Originally published on March 23, 2015 and updated July 9, 2015.
“Legionellosis: Risk Management for Building Water Systems” officially became ANSI/ASHRAE Standard 188-2015 on June 26, 2015. The Legionella risk reduction strategy set forth in the standard is to implement a “Water Management Program” (Program) for…
• Cooling towers or evaporative condensers
• Whirlpool spas
• Ornamental fountains
• Misters, atomizers, air washers, humidifiers, or
• Other devices that release water droplets,
and for potable plumbing systems if a building has…
• Multiple housing units with a centralized hot water system
• More than ten stories
• Housing for occupants over the age of 65
• Patients staying longer than 24 hours, or
• An area housing or treating people with certain health factors
The written document for the Water Management Program must include the following:
• A list of the water management program team members. The team should consist of 10 or fewer key individuals who will oversee the program and make decisions about it. Many others will be needed to implement the program.
• A brief description of the building water systems, with flow diagrams. Salient information should be included for all of the building water systems, not just the ones prone to Legionella growth and transmission. Simple line diagrams should show where water is received, processed, and used. For most facilities, at least two diagrams should be included, one for domestic (potable) water systems and another for utility (non-potable) systems. Flow diagrams should be simple. Resist the temptation to add valves, equipment, scaling and other unnecessary details that clutter the diagrams and ultimately hinder their real purpose.
• Analysis of Building Water Systems. Commonly referred to as hazard analysis, this is a brief explanation as to why each water system does or does not present a significant potential for Legionella growth and transmission and, for those that do, whether it is a location at which Legionella control measures can be applied.
• Control measures. This is the most important part of any Legionella water management plan because control measures are what actually reduce the risk of Legionnaires’ disease. If effective control measures are not selected, the Program will fail to sufficiently reduce Legionella risk. If ineffective or unnecessary measures are specified, the facility will waste time and money.
The team must come up with a specific list of control measures for each building water system. ANSI/ASHRAE 188 gives only a framework, stating that procedures must be included, as applicable, for new construction, equipment siting, start-up and shutdown, inspections, maintenance, cleaning, disinfection, monitoring (e.g., temperatures; disinfectant levels), and water treatment. The team must also write out steps for responding to Legionnaires’ disease should a case occur despite the prevention efforts.

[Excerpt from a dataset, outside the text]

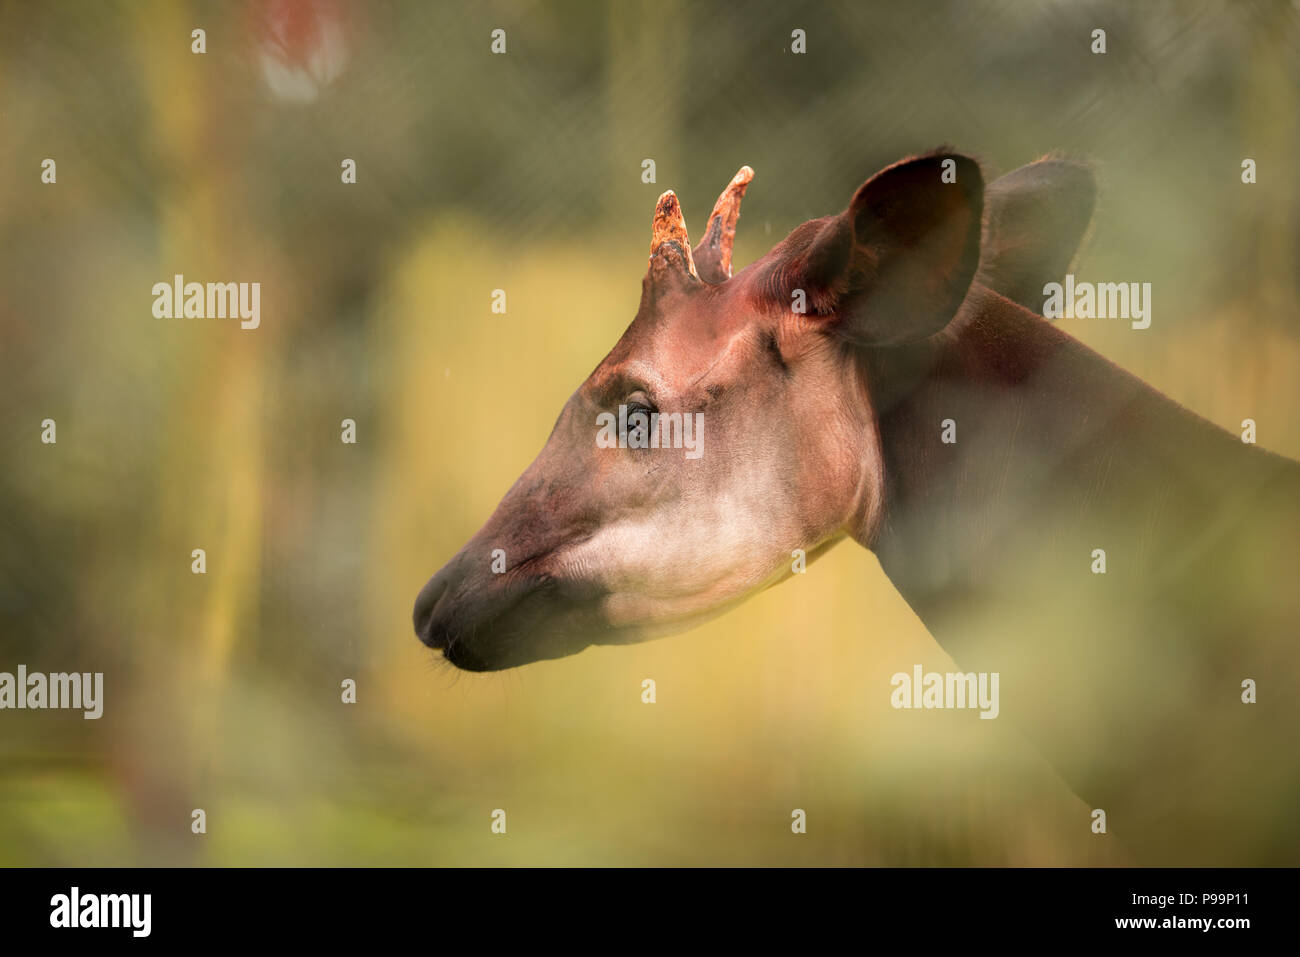 Okapi close up portrait of egsotic endangered animal Stock Photo

Each control measure must be monitored to determine whether it is performed to the standard—called a control limit—designated in the Program. If the control limit is not met, then corrective action must be implemented. The monitoring procedure, monitoring frequency, control limit, and corrective action must be listed for each control measure.

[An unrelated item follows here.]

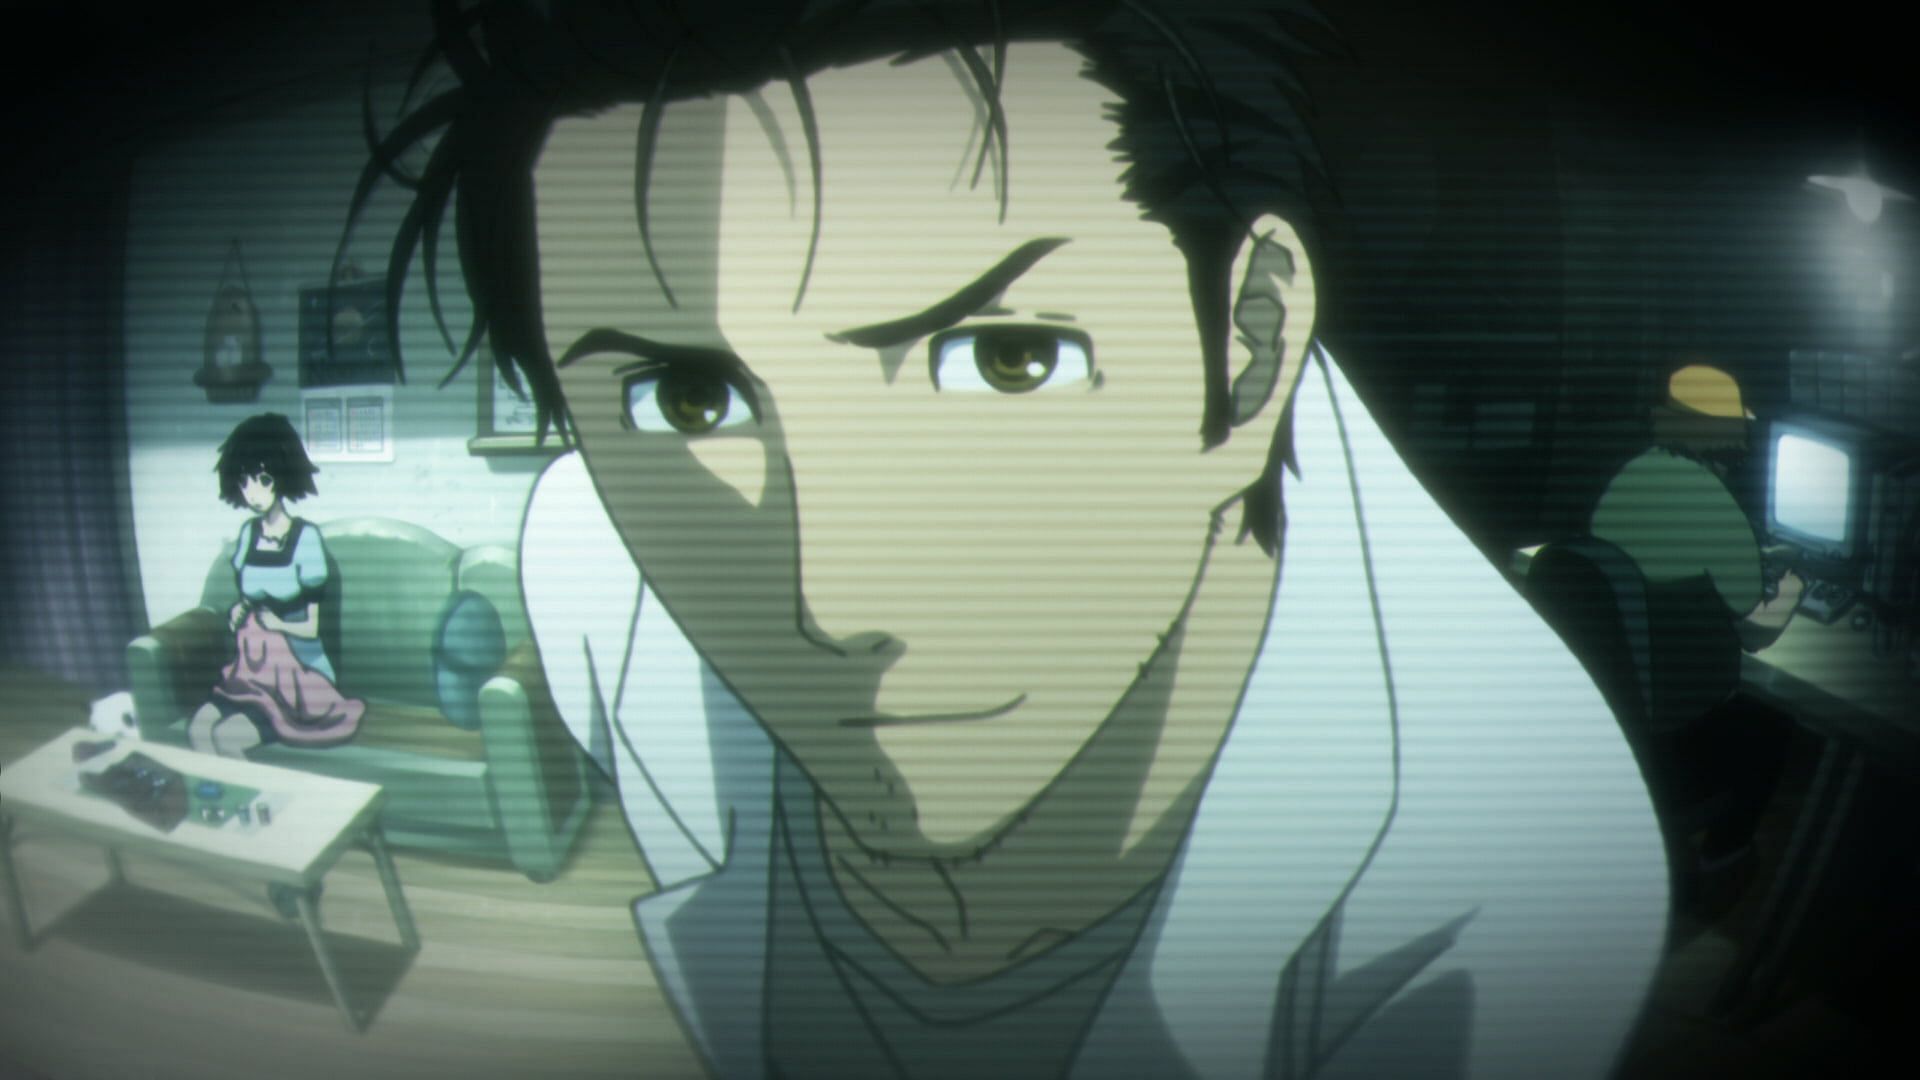 Rintaro Okabe as seen in the Steins;Gate anime series (Image via White Fox Studio)

• Verification procedures. These are procedures to ensure the Program is being implemented.
• Validation. The effectiveness of the Program must be validated. Testing water systems for Legionella provides the most direct feedback on Legionella control. Legionella testing is discussed as a validation option in ANSI/ASHRAE Standard 188-2015 but is not required.

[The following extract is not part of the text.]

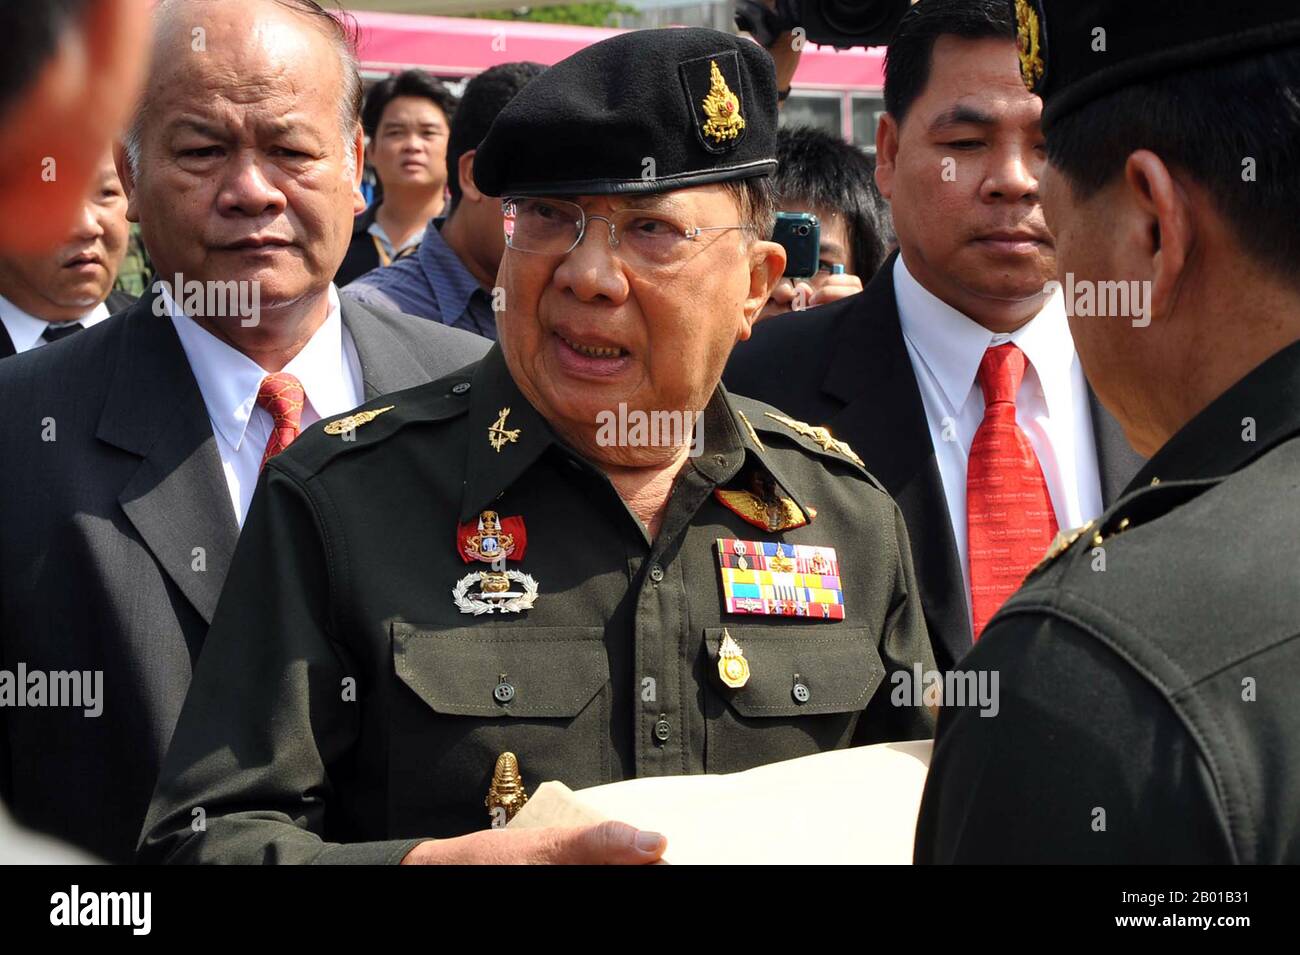 Thailand: General Chavalit Yongchaiyudh (1932 -), Premierminister von Thailand (r. 1996-1997). Foto von Peerapat Wimonrangcarat/Govt. Von Thailand, 2010. General Chavalit Yongchaiyudh, auch bekannt als ''Big Jiew'', ist ein thailändischer Politiker und pensionierter General. Von 1996 bis 1997 war er Thailands Premierminister von 22.. Er ist chinesisch-thailändischer und laotischer Herkunft. Chavalit begann seine politische Karriere 1988 in der Verwaltung von Chatichai Choonhavan. Seine New Aspiration Party gewann die meisten Sitze bei den Wahlen 1996 und er wurde Premierminister, aber die asiatische Finanzkrise von 1997 zwang ihn zum Rücktritt. Stockfoto

• Documentation and communication procedures. ANSI/ASHRAE Standard 188-2015 instructs the team to “establish documentation and communication procedures for all activities of the Program.”
For new construction or renovations, designers and contractors have responsibilities as well. Designers must provide documentation, diagrams, or instructions as needed for monitoring and control, code compliance, operation and maintenance, control system operation, calibration, installation and start-up, commissioning (including procedures for flushing and disinfection), filling and draining, equipment sizes, piping layout, system materials, pipe sizes, design flow rates, design temperatures, and the impact of heat loss or heat gain.
Designers must also note locations of equipment access (or note inadequate access), filling and draining, flushing, sampling, temperature monitoring, treatment, no flow and low flow areas, possible cross connections between potable and non-potable systems, and outside air intakes.
Proper balancing of plumbing systems must be documented in a report to the owner. Responsibility for balancing will begin with engineers, in specifying valves, and then pass to contractors for performing the work.
Disinfection of plumbing systems will need to be carried out no more than three weeks before any part of the building is occupied for its intended purpose.
ANSI/ASHRAE Standard 188-2015 is nothing to fear. For well-maintained buildings, Legionella control measures can be implemented and documented for a reasonable investment of time and money (see “How Much a Facility Really Pays for a Legionella Risk Management Program“). The investment could pay back several fold in protecting health and life as well as the facility’s assets, image, and revenue.